[New Paper] Hamilton’s rule

Gardner A (2015) Hamilton’s rule. American Naturalist 186, ii-iii.

(Part of The American Naturalist‘s “Countdown to 150” series)

The purpose of this series of commentaries is to celebrate long-forgotten or underappreciated articles from the archive. So it feels a little odd to be providing an appreciation of W. D. Hamilton’s 1963 work “The Evolution of Altruistic Behavior,” which the Web of Knowledge suggests has been cited more than 700 times. By Hamilton’s standards, however, that does constitute obscurity. And, in particular, these citations are dwarfed by those of his monumental article “The Genetical Evolution of Social Behaviour” (Journal of Theoretical Biology 7:1–52), published a year later, by nearly 20 to 1. Some of this imbalance is warranted, as the latter article covers much of the same ground in more detail and makes a number of additional contributions. But Hamilton’s “little-read first paper” (W. D. Hamilton, 1996, Narrow Roads of Gene Land, Volume 1: Evolution of Social Behaviour, Oxford University Press, Oxford, p. 5) manages, in barely more than two pages of text, to cover the core principles of inclusive fitness theory. So I believe it deserves a second look.

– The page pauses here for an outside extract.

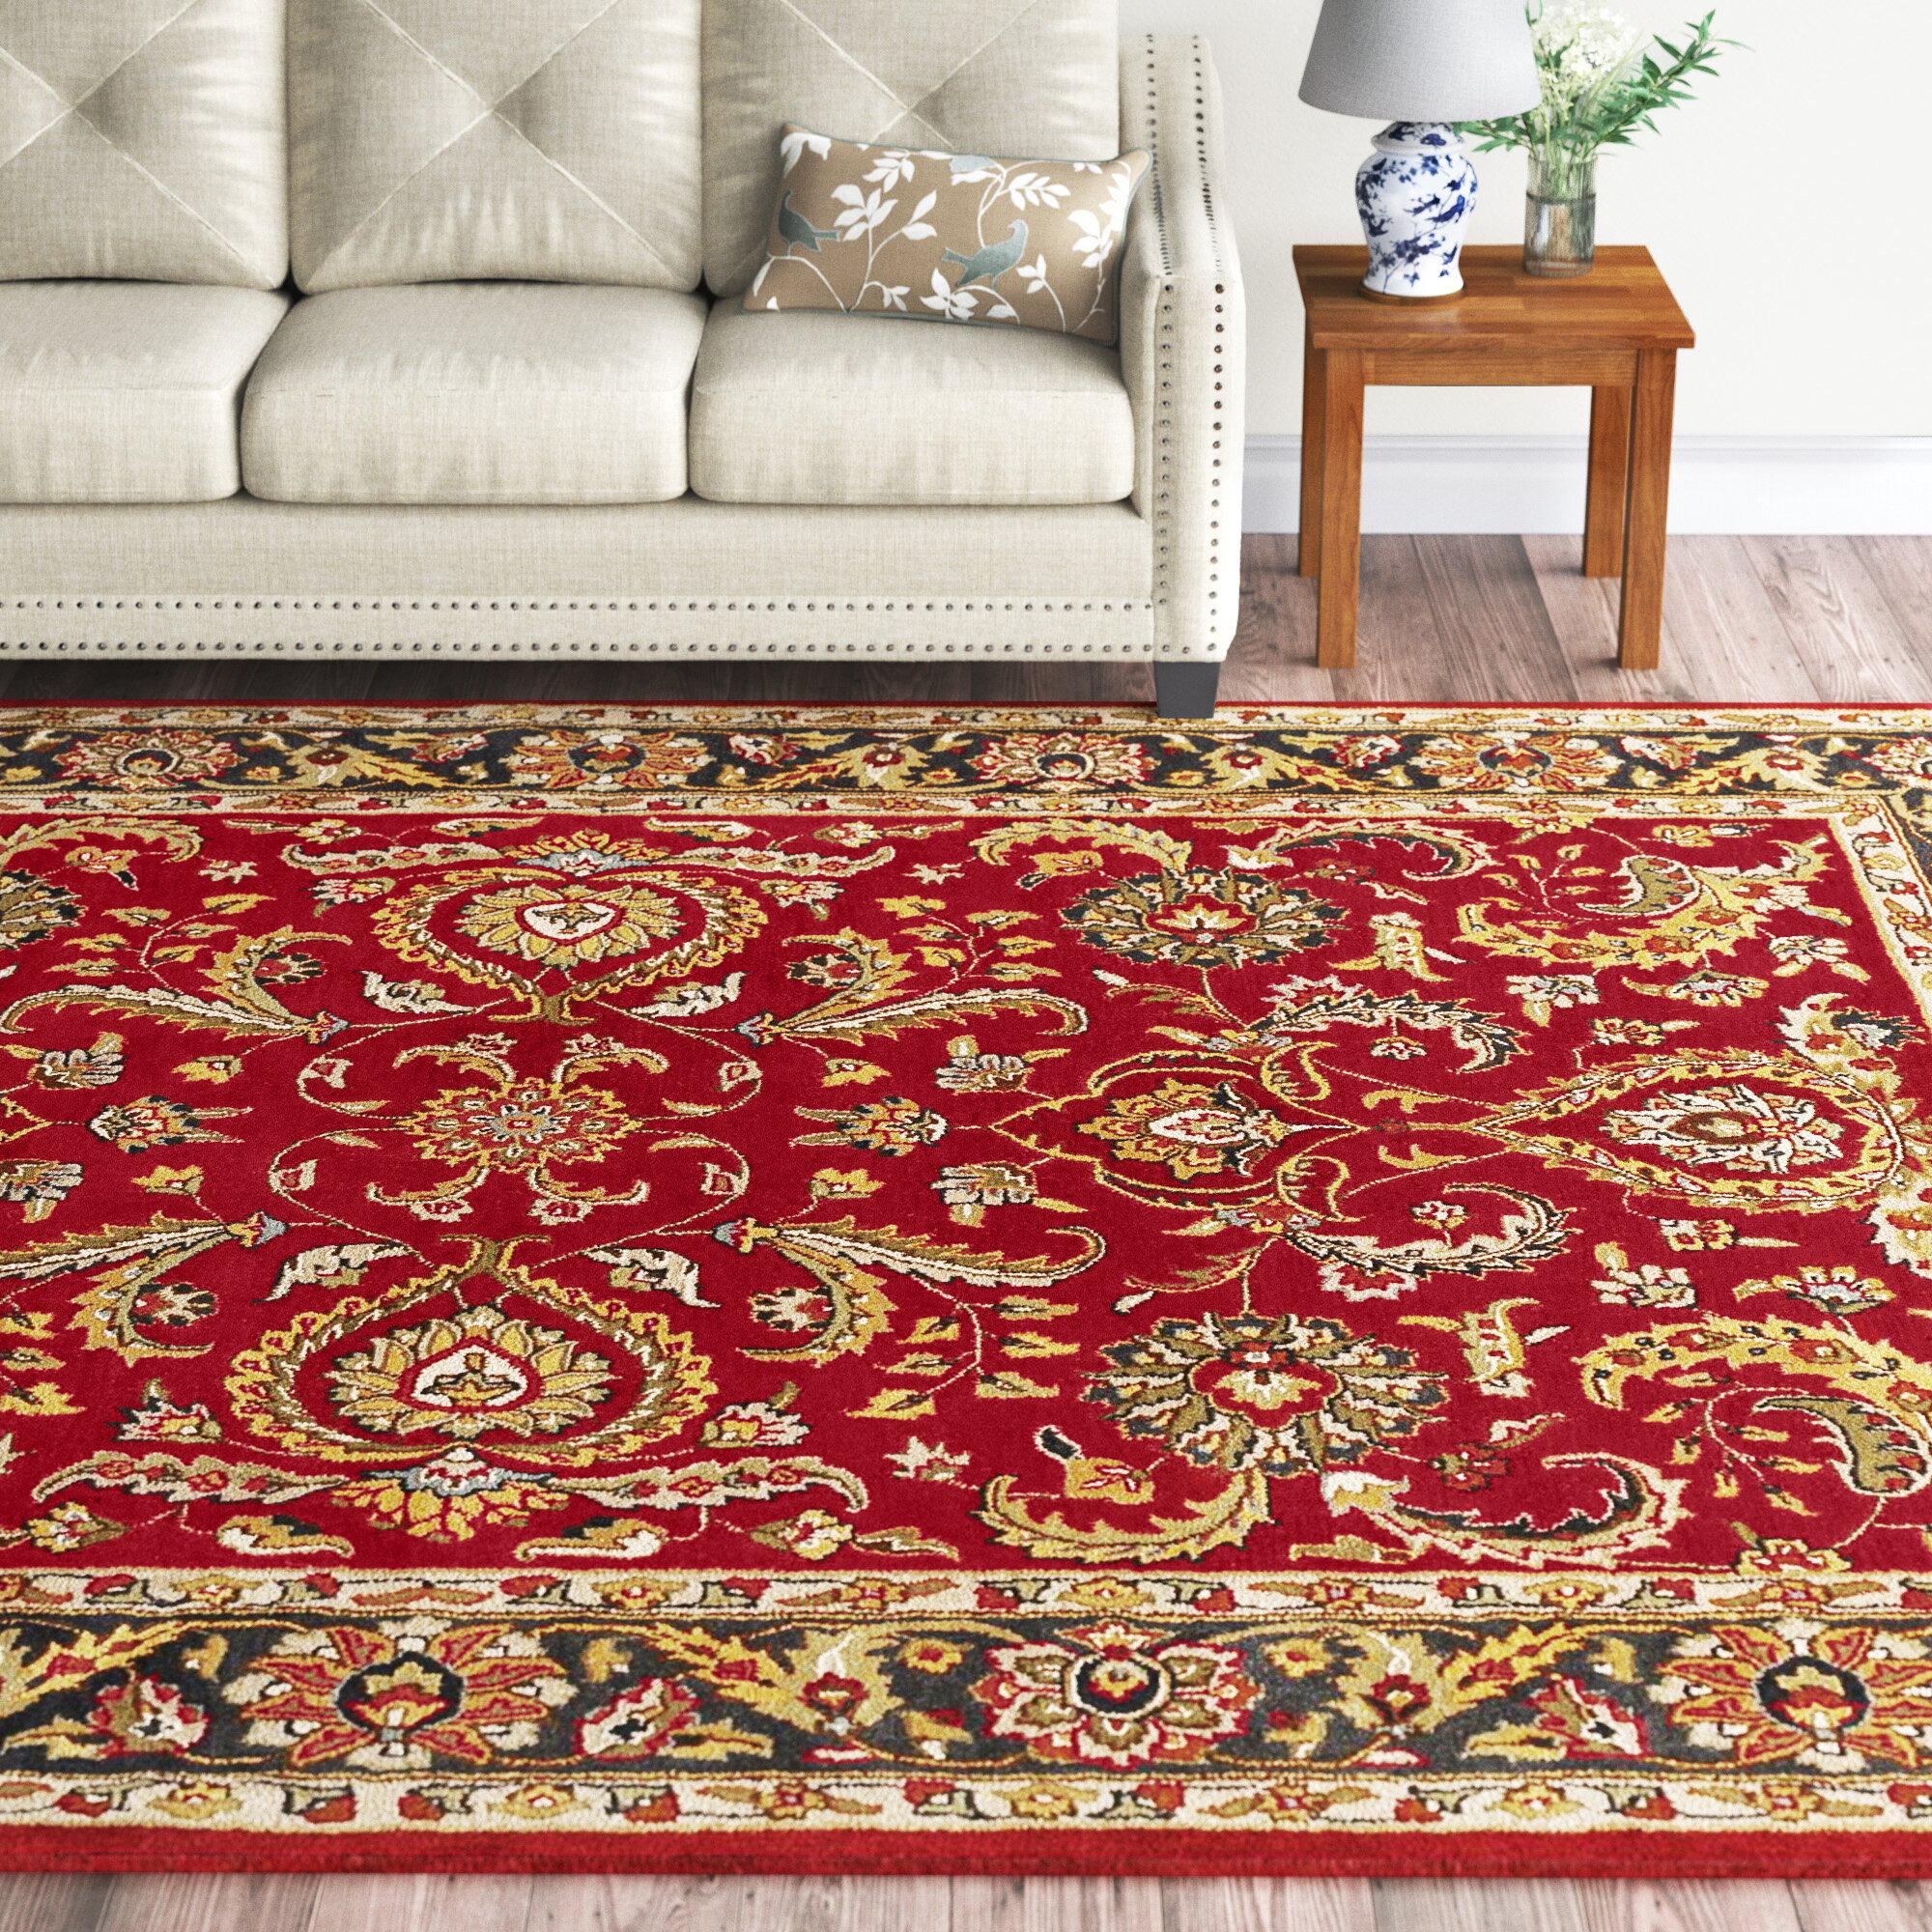 Birch Lane Elkhorn Oriental Handmade Tufted Wool Red Charcoal Area Rug Reviews Wayfair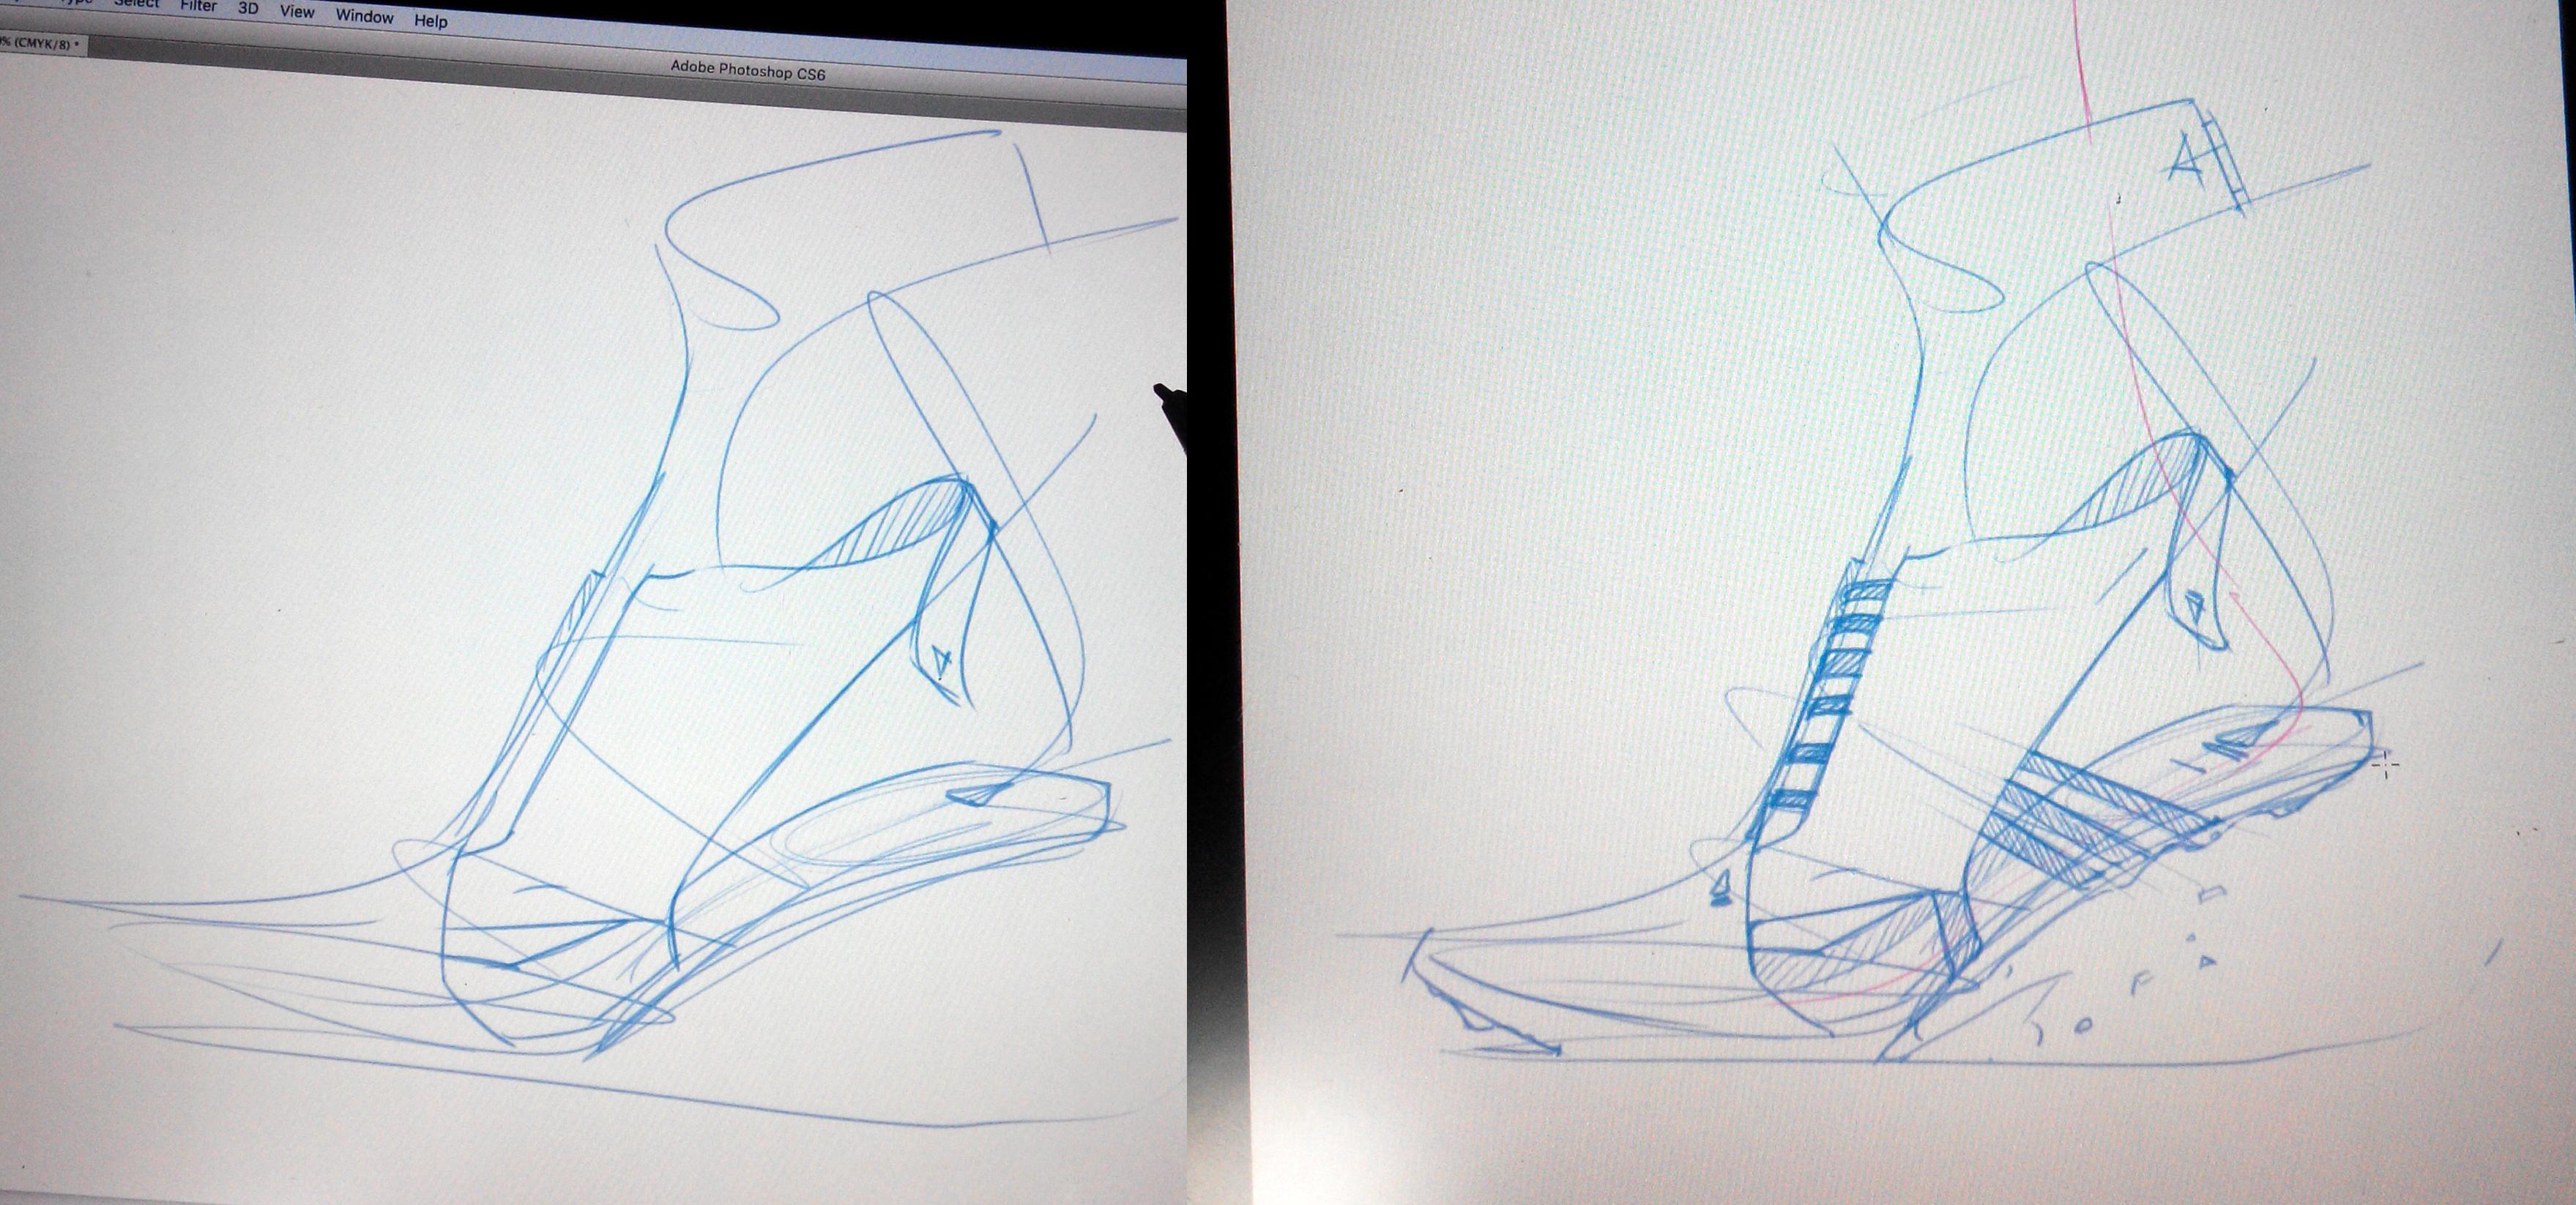 Adidas sketch sneaker 2 steps The Design Sketchbook Photoshop a copy

[New Paper] Intragenomic conflict over dispersal

Farrell EJ, Úbeda F & Gardner A (in press) Intragenomic conflict over dispersal. American Naturalist. doi: 10.1086/682275

Intragenomic conflict may arise when social partners are more related through one parent than the other—for example, owing to individuals or gametes of one sex dispersing further prior to fertilization. In particular, genes originating from the former parent are favored to promote selflessness, and those originating from the latter parent are favored to promote selfishness. While the impact of patterns of dispersal on the evolution of intragenomic conflict has received recent attention, the consequences of intragenomic conflict for the evolution of dispersal remain to be explored. We suggest that if the evolution of dispersal is driven at least in part by kin selection, differential relatedness of social partners via their mothers versus their fathers may lead to an intragenomic conflict, with maternal-origin genes and paternal-origin genes favoring different rates of dispersal. As an illustration, we extend a classic model of the evolution of dispersal to explore how intragenomic conflict may arise between an individual’s maternal-origin and paternal-origin genes over whether that individual should disperse in order to ease kin competition. Our analysis reveals extensive potential for intragenomic conflict over dispersal and predicts that genes underpinning dispersal phenotypes may exhibit parent-of-origin-specific expression, which may facilitate their discovery.

 

[New Paper] Simultaneous failure of two sex-allocation invariants

Rodrigues AMM & Gardner A (2015) Simultaneous failure of two sex-allocation invariants: implications for sex-ratio variation within and between populations. Proceedings of the Royal Society of London Series B — Biological Sciences 282, 20150570.

Local mate competition (LMC) occurs when male relatives compete for mating opportunities, and this may favour the evolution of female-biased sex allocation. LMC theory is among the most well developed and empirically supported topics in behavioural ecology, clarifies links between kin selection, group selection and game theory, and provides among the best quantitative evidence for Darwinian adaptation in the natural world. Two striking invariants arise from this body of work: the number of sons produced by each female is independent of both female fecundity and also the rate of female dispersal. Both of these invariants have stimulated a great deal of theoretical and empirical research. Here, we show that both of these invariants break down when variation in female fecundity and limited female dispersal are considered in conjunction. Specifically, limited dispersal of females following mating leads to local resource competition (LRC) between female relatives for breeding opportunities, and the daughters of high-fecundity mothers experience such LRC more strongly than do those of low-fecundity mothers. Accordingly, high-fecundity mothers are favoured to invest relatively more in sons, while low-fecundity mothers are favoured to invest relatively more in daughters, and the overall sex ratio of the population sex ratio becomes more female biased as a result.